Ideas about the transcriptional control of development are largely based on two-dimensional snapshots of gene expression that ignore the continuously changing, three-dimensional nature of the embryo. A new high-throughput approach now brings us closer to a fuller understanding of how transcription-factor networks control fruitfly development in the context of embryonic morphology.
As part of the Berkeley Drosophila Transcription Network Project, Luengo Hendriks and colleagues developed a method that allows simultaneous quantitative visualization of gene expression and cellular-level morphological analysis in whole embryos. They focused their approach on blastoderm-stage Drosophila melanogaster embryos, in which transcriptional regulatory networks have been thoroughly investigated. Fixed embryos were fluorescently stained for mRNA expression and nuclear location, sorted by developmental stage, and imaged from whatever orientation they happened to be lying in, allowing a three-dimensional profile to be built up.
Working with whole embryos presented challenges in generating high-quality images. Careful optimization of fixation, staining and mounting conditions was crucial to the success of the approach, as was the use of two-photon laser-scanning microscopy (which improves optical penetration and resolution, and reduces signal attenuation). Another important feature was the method that the authors used for image analysis.
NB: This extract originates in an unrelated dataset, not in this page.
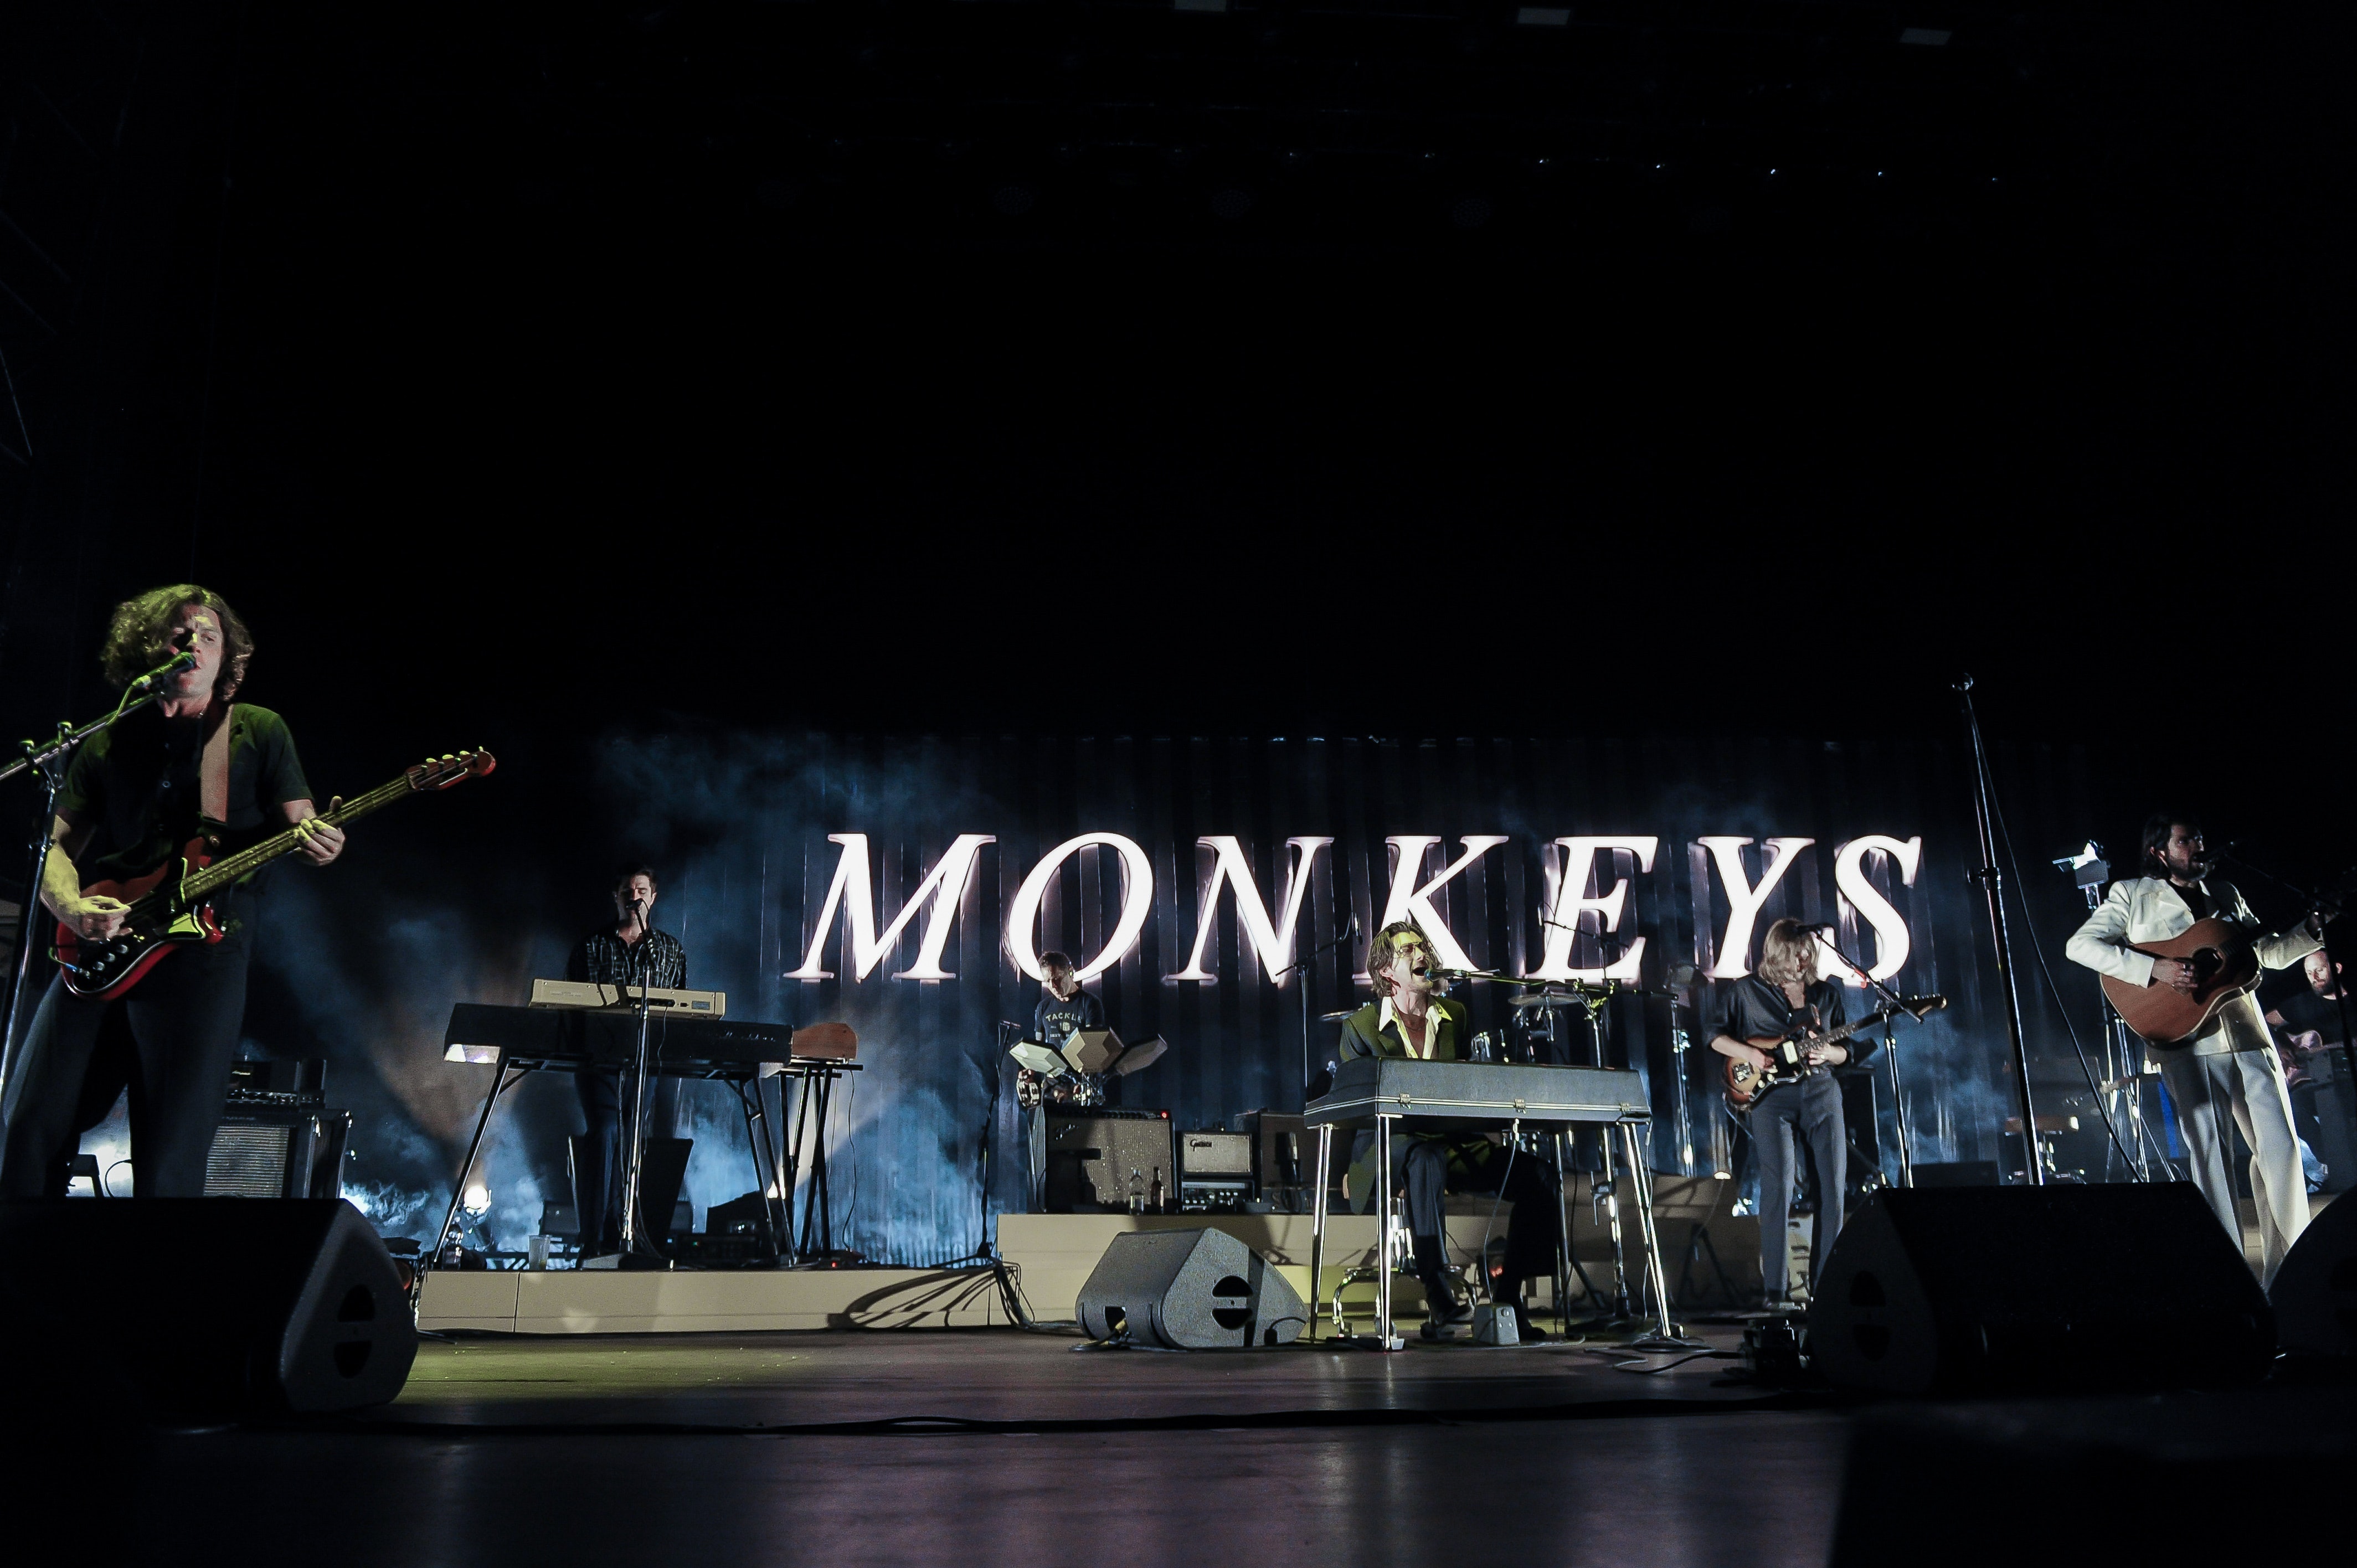 Arctic Monkeys wreszcie ogłosiły 2 występy w Wielkiej Brytanii w 2022 roku

They converted the large data files for each image into a specially developed format that they termed a PointCloud, which compressed the file to a manageable size while retaining detailed information about morphology and gene expression.
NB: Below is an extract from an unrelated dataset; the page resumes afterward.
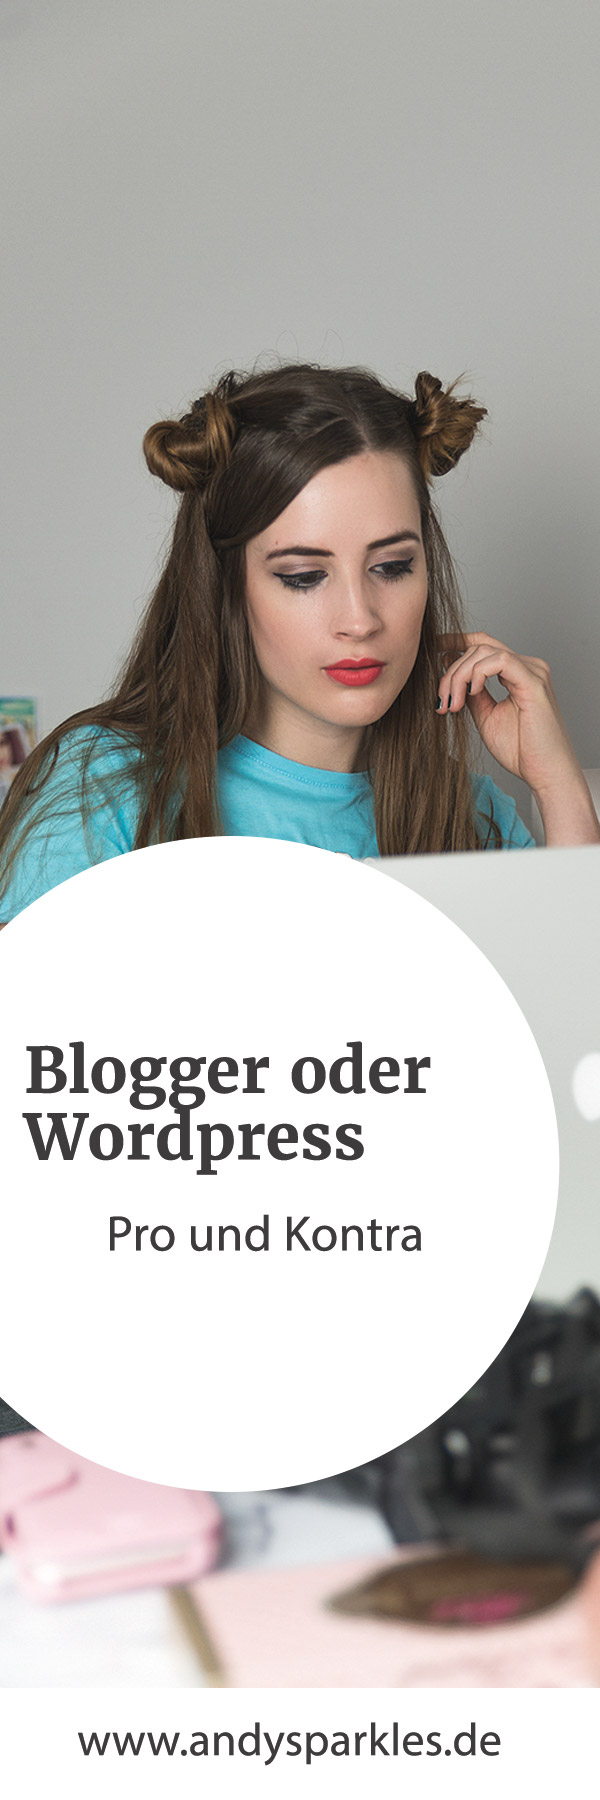 andysparkles-Blogger oder WordPress

Luengo Hendriks and colleagues initially tested their method on 1,282 embryos, looking at the mRNA levels of 22 developmental control genes, which form the first levels of the transcriptional hierarchy that governs anterior–posterior and dorsal–ventral patterning. The authors have made their imaging data publicly available for others to use.
Together with an accompanying study by Keränen et al., this work provides some interesting new insights into the developmental functioning of transcription factors. For example, the authors were able to model how a combination of morphological movements and regulatory interactions between genes determines the precise boundaries of pair-rule gene expression stripes and provides a basis for interaction between the two main body axes.
Despite focusing on a narrow developmental time window and a small number of genes that have already been well studied, this approach has provided new biological information. The extension of this method to many more genes and a wider range of embryonic stages should add another dimension to our understanding of development in the fruitfly.